■ RECORDS FOR PROCESSING ■
^^^^^^^^^^^^^^^^
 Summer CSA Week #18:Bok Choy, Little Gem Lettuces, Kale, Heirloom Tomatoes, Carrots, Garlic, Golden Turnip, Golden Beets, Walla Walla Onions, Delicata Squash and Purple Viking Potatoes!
^^^^^^^^^^^^^^^^
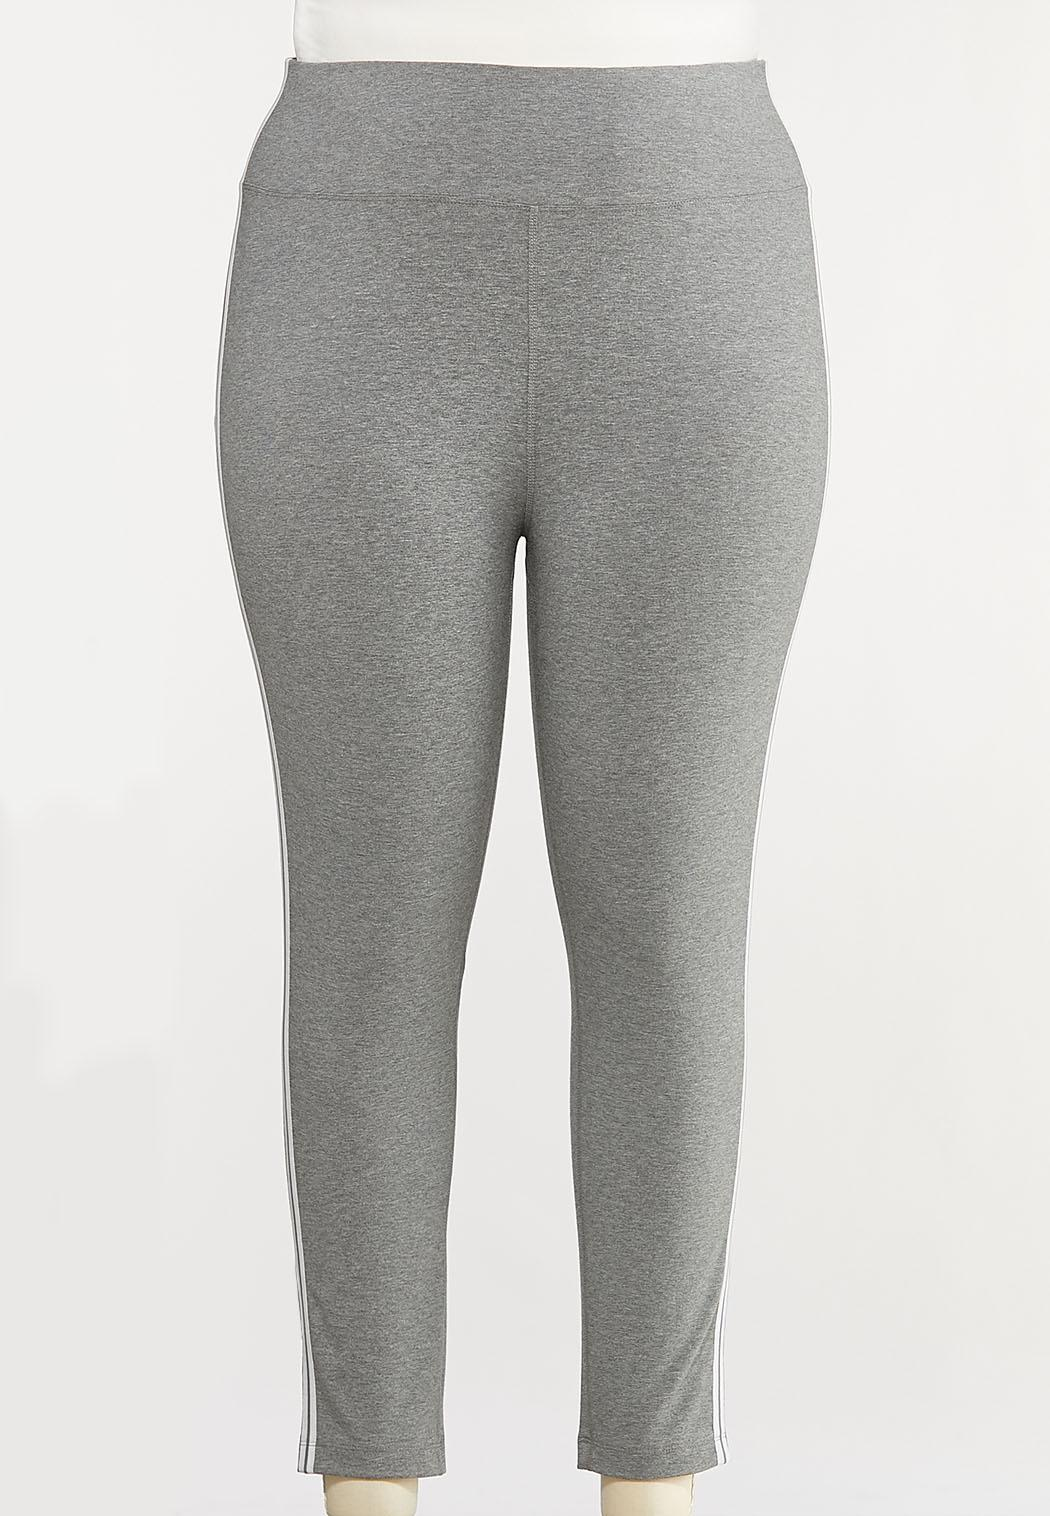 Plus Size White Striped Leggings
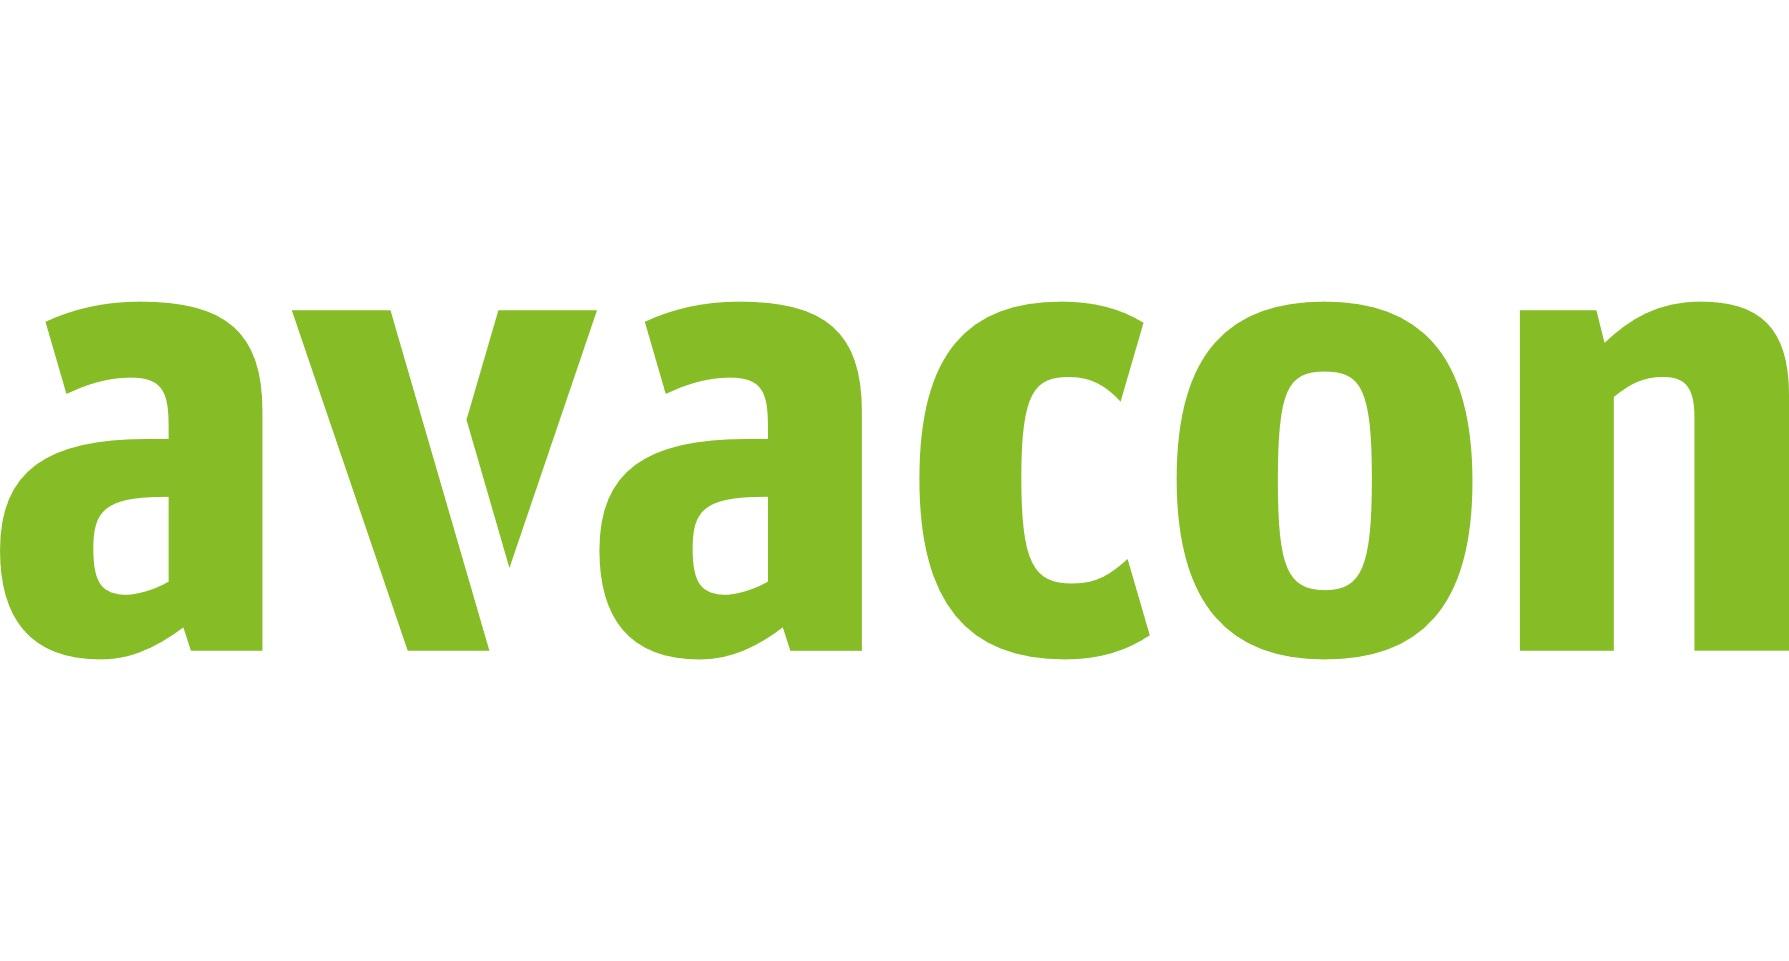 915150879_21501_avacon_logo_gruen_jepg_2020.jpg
^^^^^^^^^^^^^^^^
■ EXERCISE DIRECTIONS ■
In the material above, the stretch from the line with "Plus Size White Striped Leggings" through the line with "915150879_21501_avacon_logo_gruen_jepg_2020.jpg" is to be given again exactly, minus the pictures.

■ TASK RESPONSE ■
 Plus Size White Striped Leggings
 915150879_21501_avacon_logo_gruen_jepg_2020.jpg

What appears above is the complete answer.